A comparison between the strip test and HPLC was performed at five levels with fish samples. The results showed that although the test values by strip and by HPLC were all lower than the relative given concentration, there were no significant differences between test values and the given concentrations (p > 0.05).

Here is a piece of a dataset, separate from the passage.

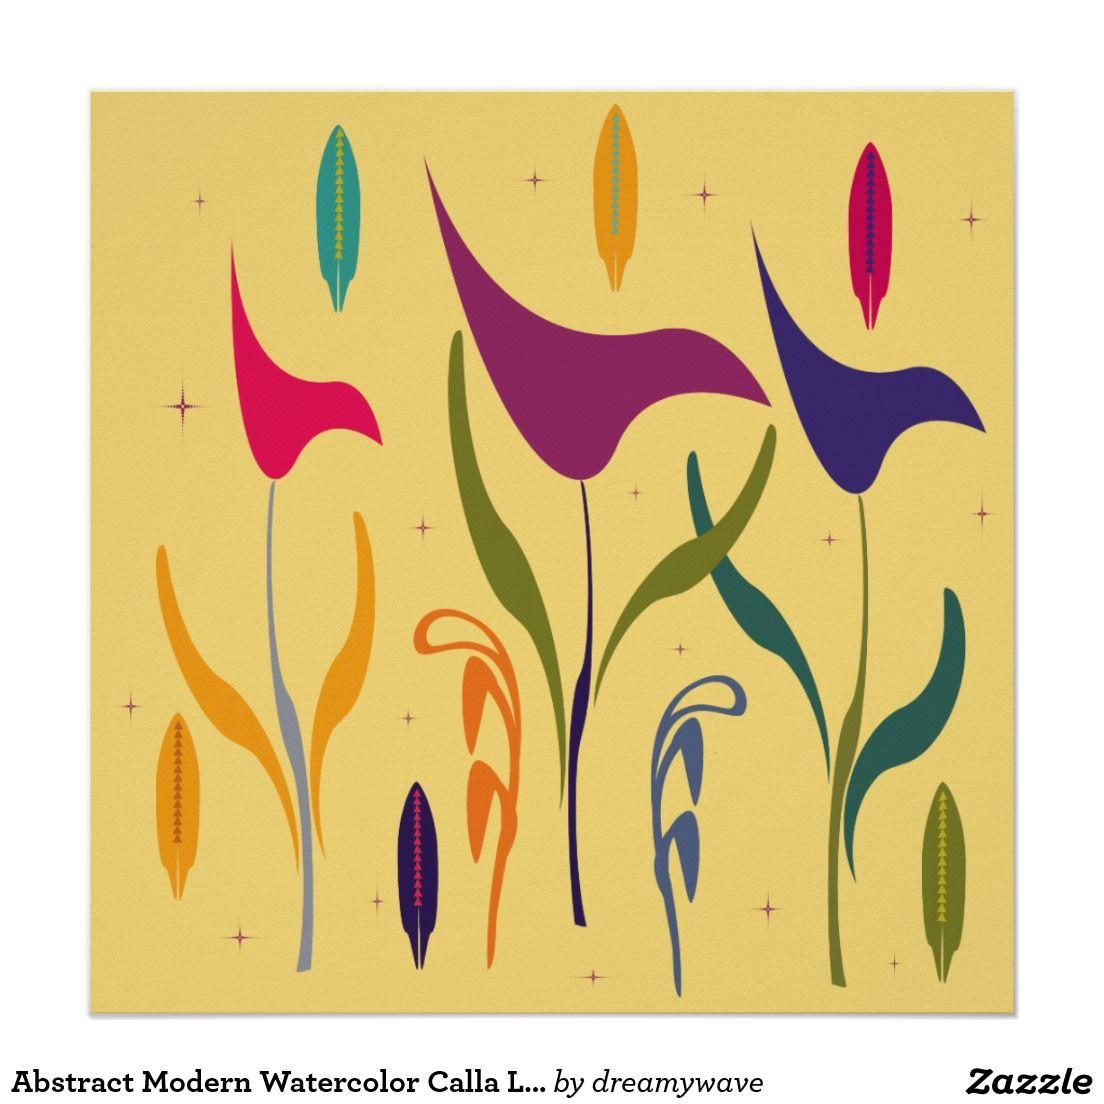 Abstract Modern Watercolor Calla Lily Impression Poster | Calla ...

Moreover, there were no significant differences of the relative test values whether by strip or by HPLC (p > 0.05) (table 4).

Table 4.

Comparison of the strip test with HPLC for three levels of HES residues in fish samples. (n = 6 per level of HES in fish samples.)

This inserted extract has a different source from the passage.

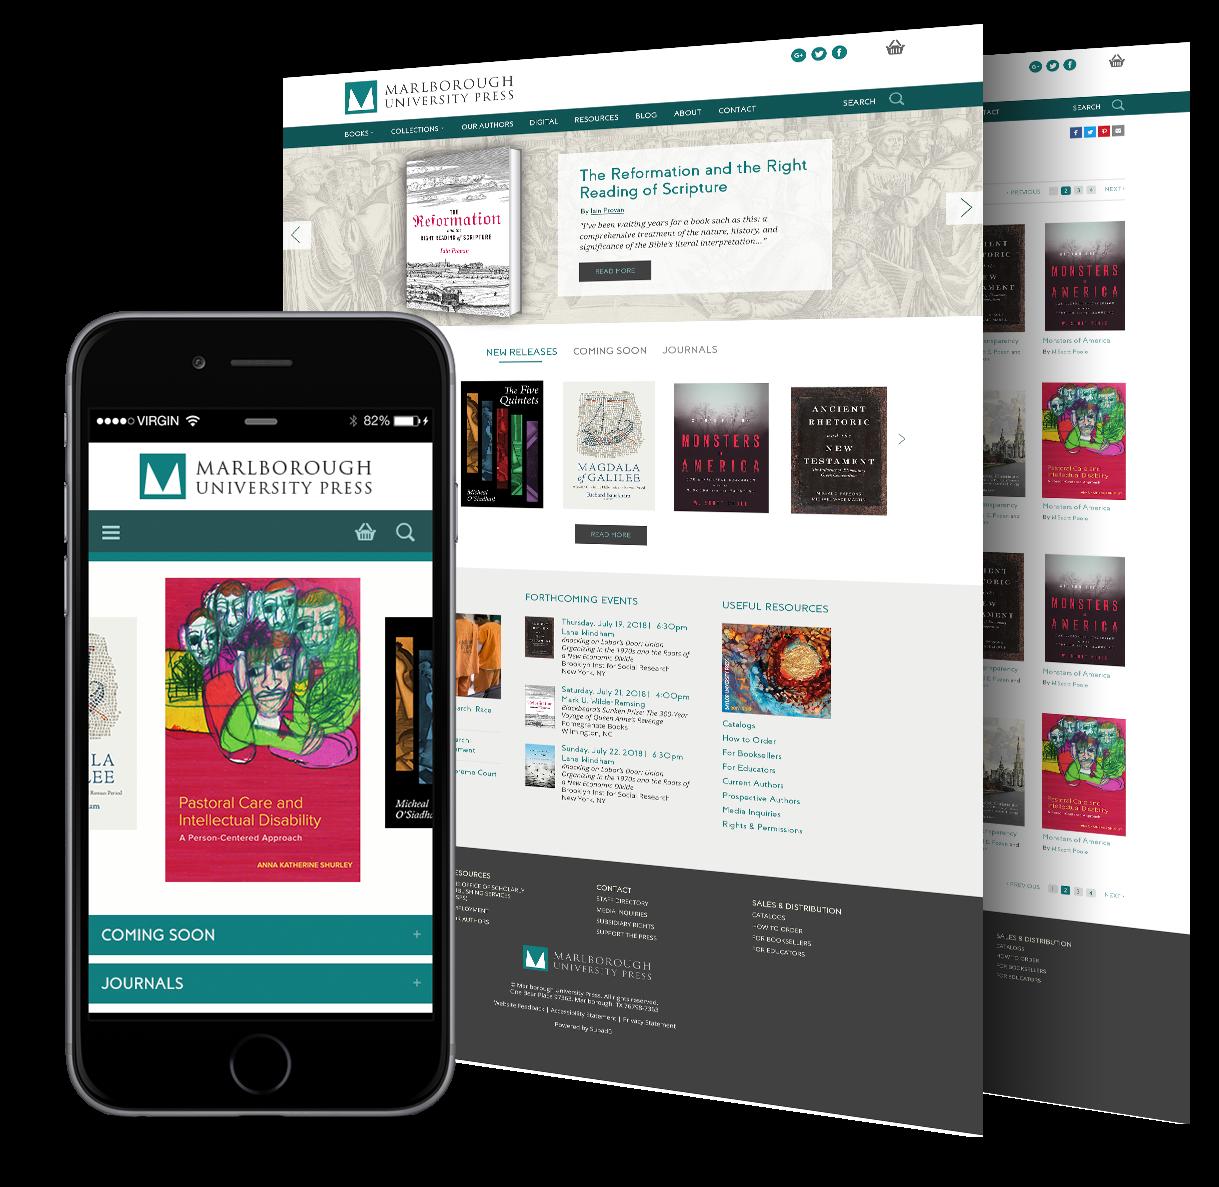 SupaCart Professional - Supadu ecommerce solutions for publishers & university presses

level of HES (µg kg−1) in fish samples	test strip (µg kg−1)	HPLC (µg kg−1)
2.4a	2.01 ± 0.11a	2.06 ± 0.07a
9.6a	8.11 ± 0.27a	8.26 ± 0.17a
16.2a	14.16 ± 0.46a	14.60 ± 0.28a
28.8a	25.44 ± 0.81a	26.21 ± 0.38a
36.3a	32.56 ± 0.99	33.12 ± 0.56

aFor within-column comparisons, superscripts indicate no significant difference (p > 0.05).

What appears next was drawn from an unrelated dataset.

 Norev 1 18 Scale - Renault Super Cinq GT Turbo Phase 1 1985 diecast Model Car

Advantages and development trends of immunoassay test strips

In China, test strips are widely used in experiments in the field of food safety inspection. Instrumental analysis cannot deal with so many samples. The strip can really promote the progress of food safety inspection technology, achieving universal inspection. Unfortunately, large-scale instrument inspections cannot meet universal inspection requirements in terms of time, place and economy. Multi-target, high-throughput and digitization are the future development trend of the test strip. There are two technical approaches to achieving multi-target and high-throughput detection. Firstly, the antibodies against a common epitope of a certain class of targets are produced and a single test line is used to achieve the joint detection of multiple similar targets. Secondly, the chips of the test strips are designed. Multi-detection lines or a matrix are used to achieve the joint inspection of multiple similar or different targets. Digitization is the realization of quantitative detection. The development of portable card readers compensates for the arbitrariness of human eye observation and the non-portability of current card reading devices, and realizes digitized detection under certain conditions [30,38].

Conclusion

The use of a high-affinity mAb against HES enables us to establish a colloidal gold-based LFIST for detecting HES in fish meats. The major advantages of the one-step strip test are rapidity (less than 10 min), integration (all needed reagents were integrated in the strip), sensitivity, specific and cost-effectiveness. Therefore, the strip test holds great potential as an on-site screening tool for monitoring HES residues in fish meats.